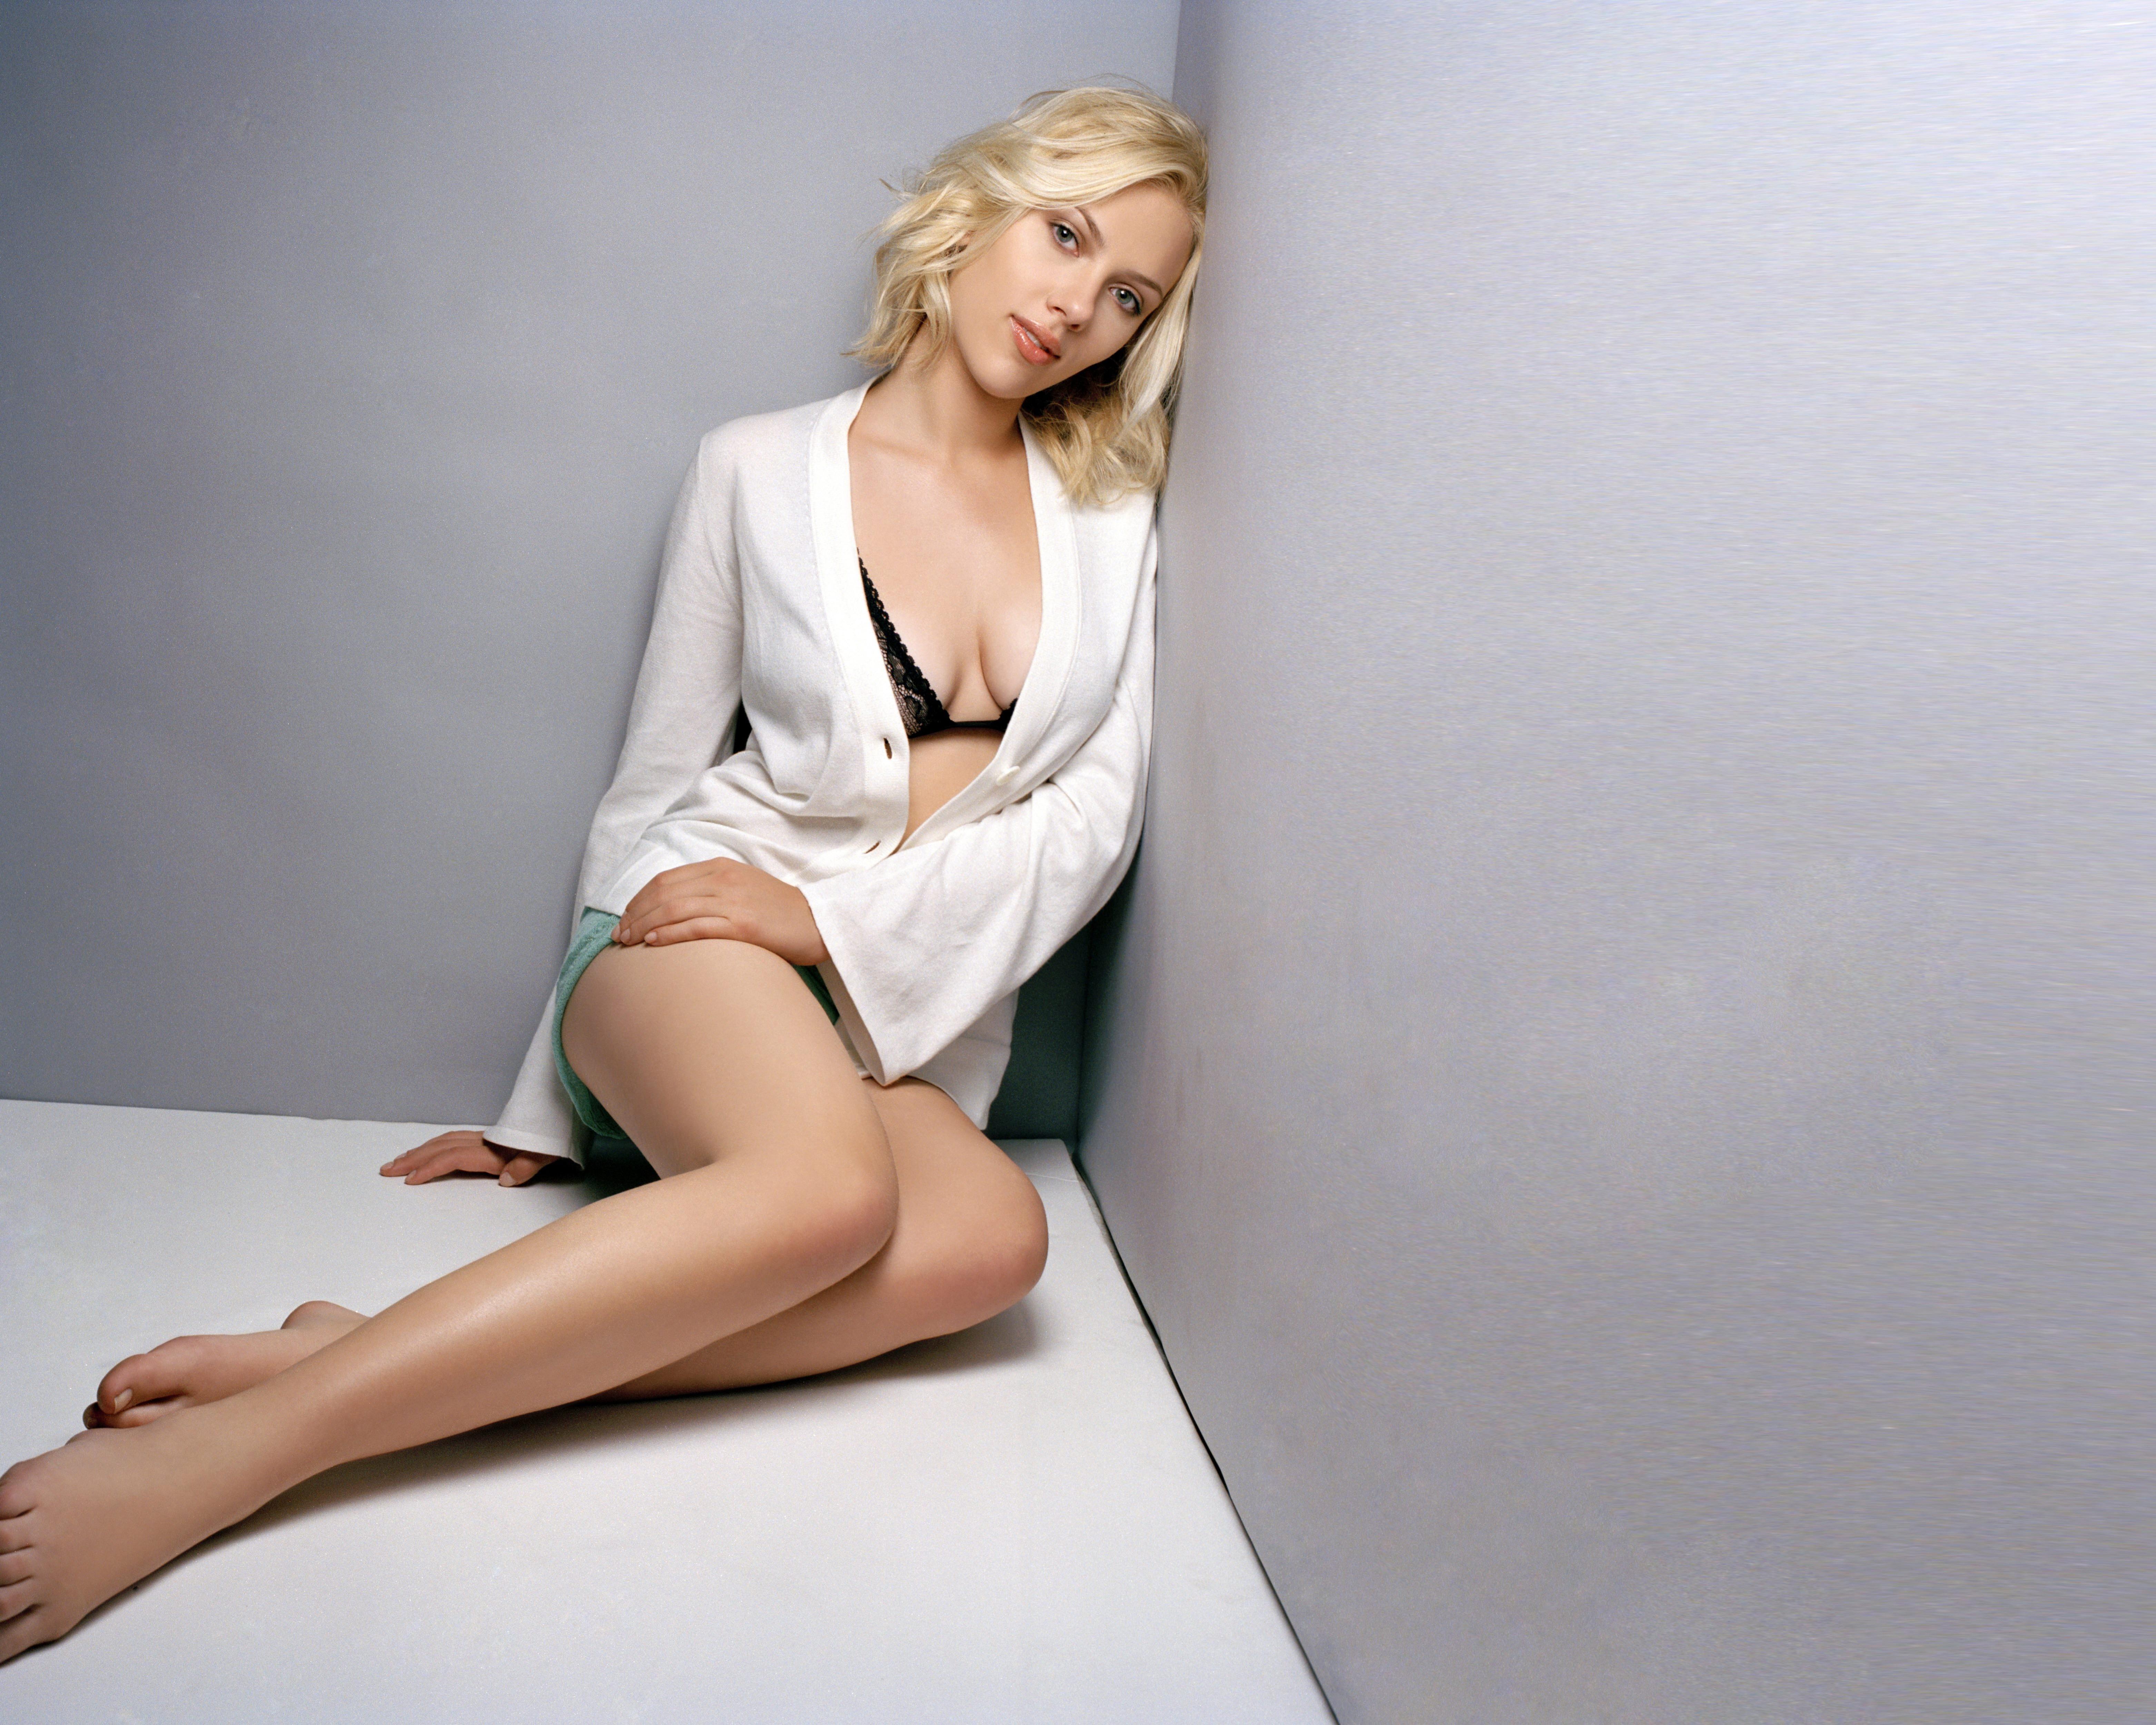 People 6250x5000 Scarlett Johansson actress women legs shorts open shirt black bras looking at viewer
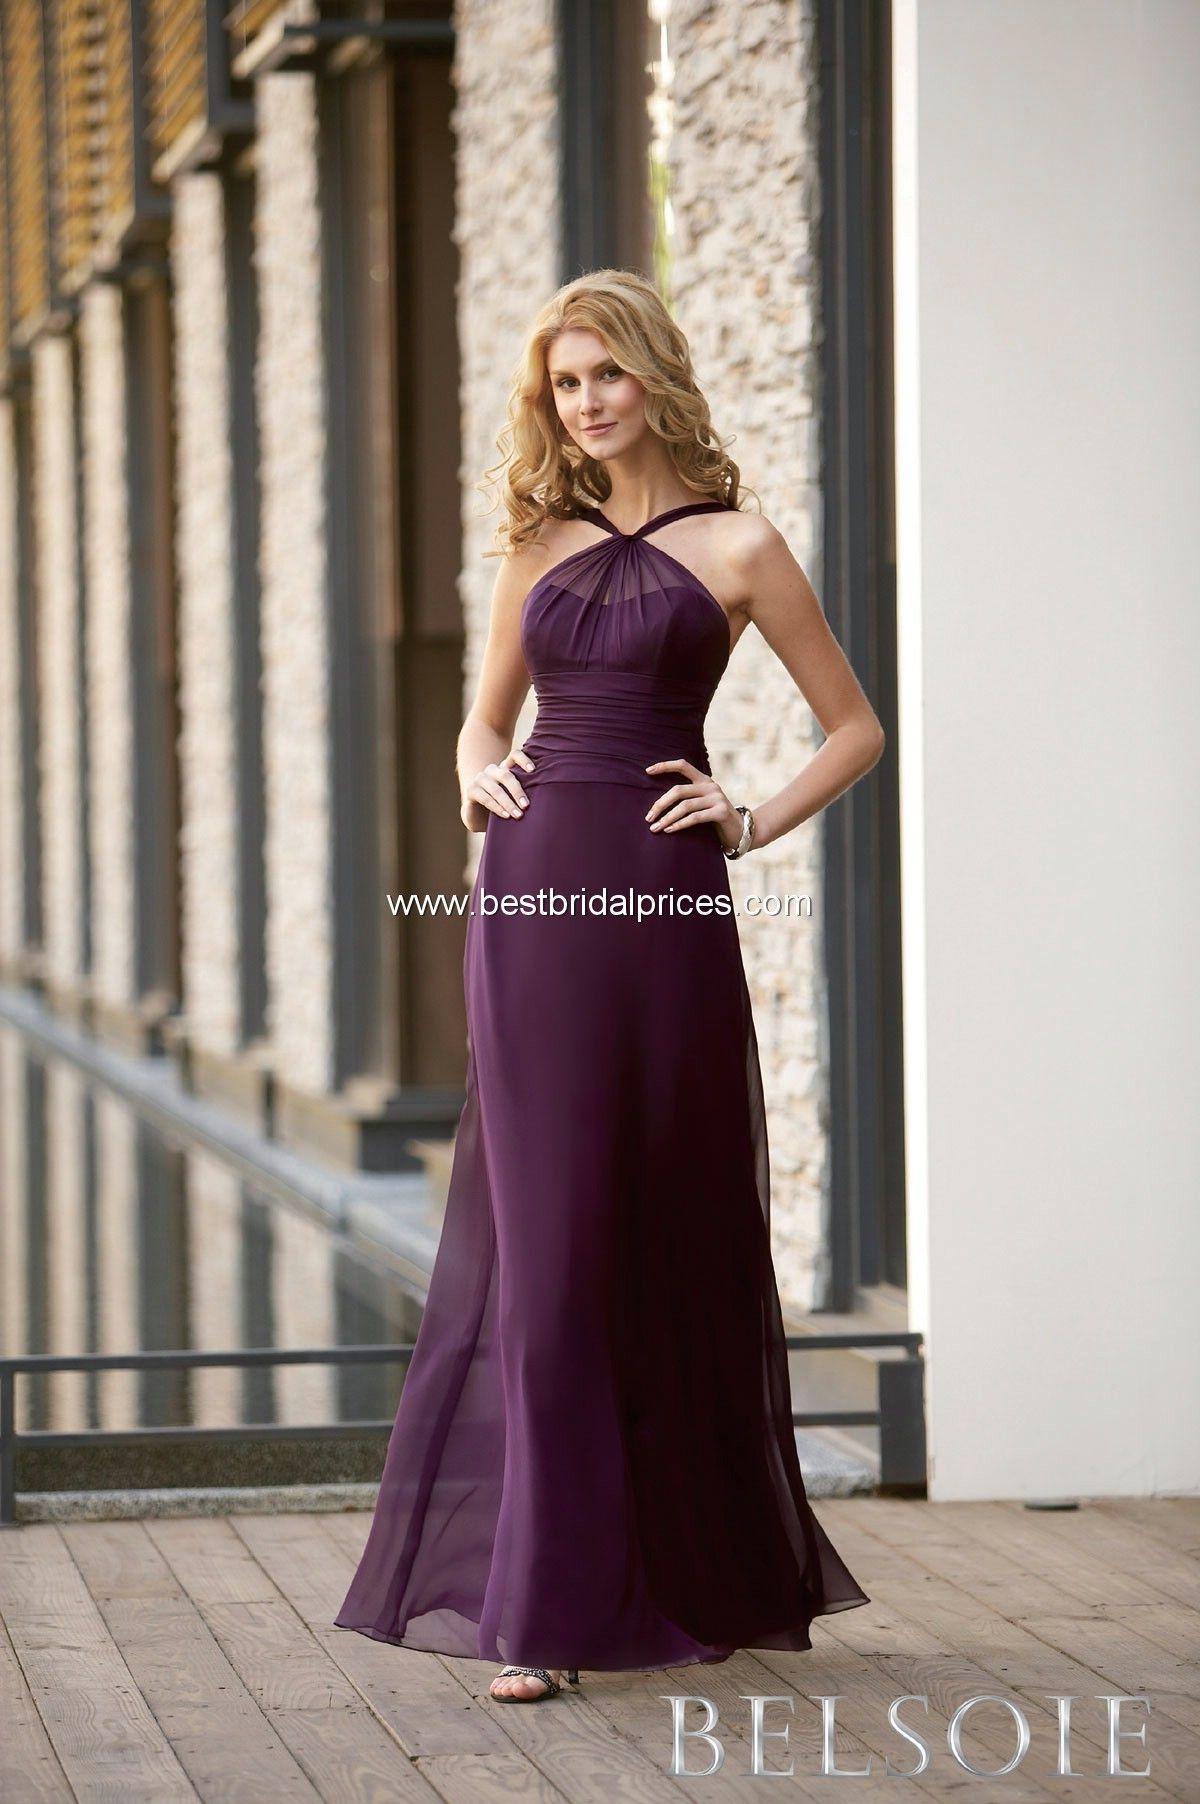 Jasmine Belsoie Bridesmaid Dresses Style L2063 Wedding
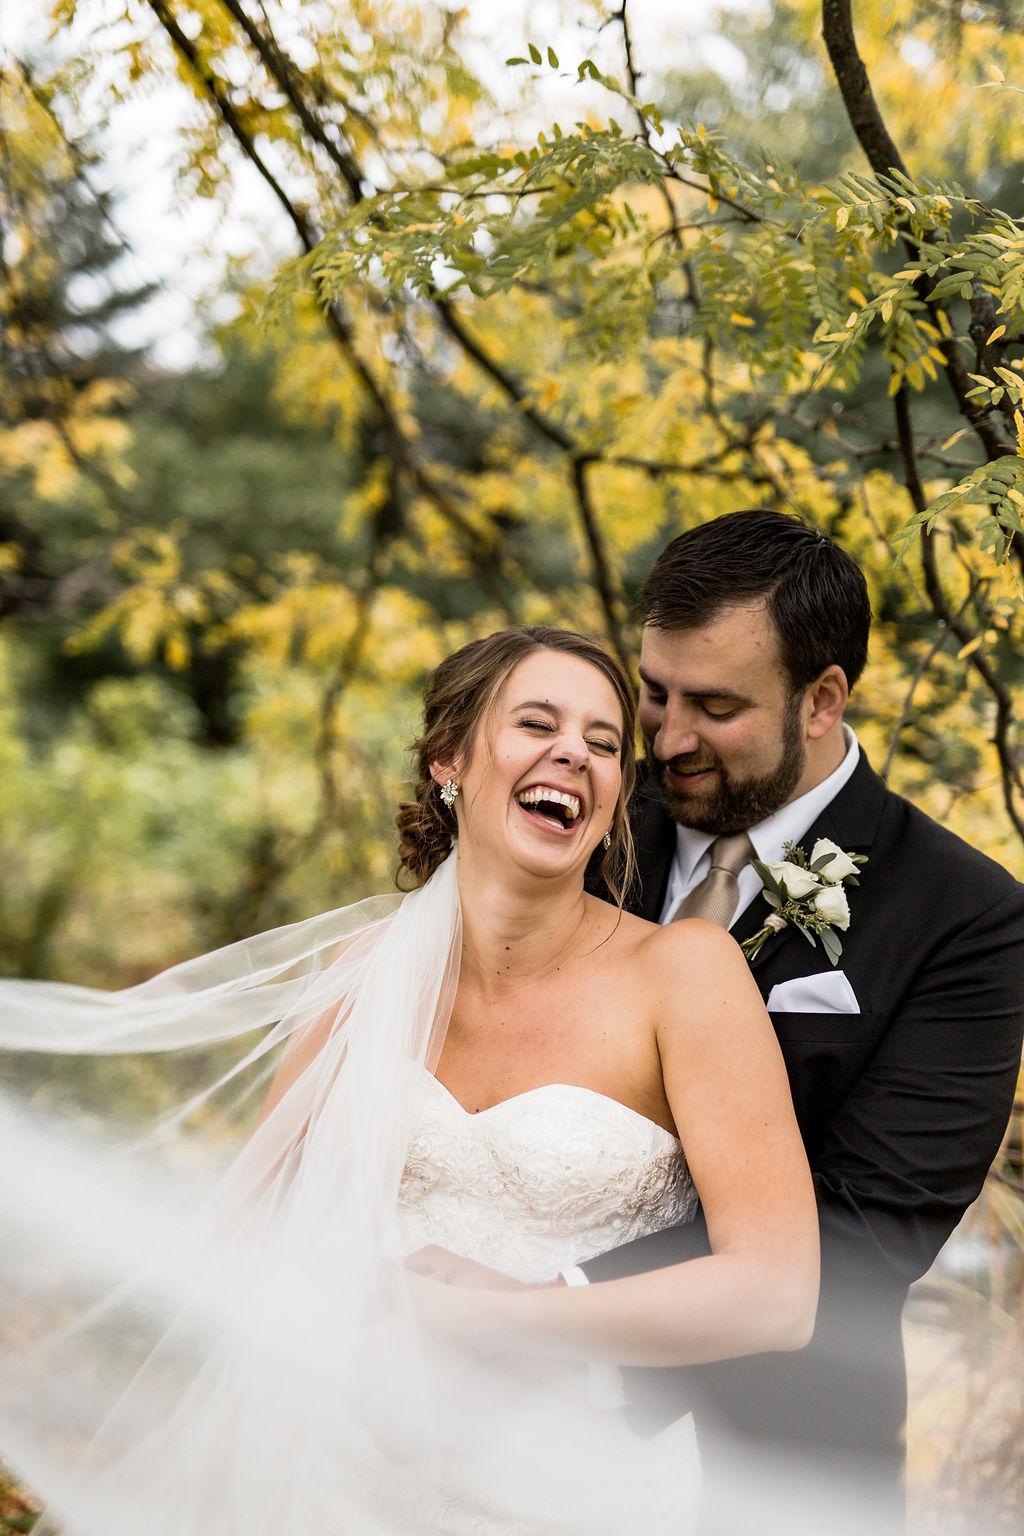 best_midwest_wedding_photographer_JMH_photography-39.jpg

####################

-- THE TASK --
The result should be the full listing, retyped exactly and free of pictures.

-- EXPECTED ANSWER --
 People 6250x5000 Scarlett Johansson actress women legs shorts open shirt black bras looking at viewer
 Jasmine Belsoie Bridesmaid Dresses Style L2063 Wedding
 best_midwest_wedding_photographer_JMH_photography-39.jpg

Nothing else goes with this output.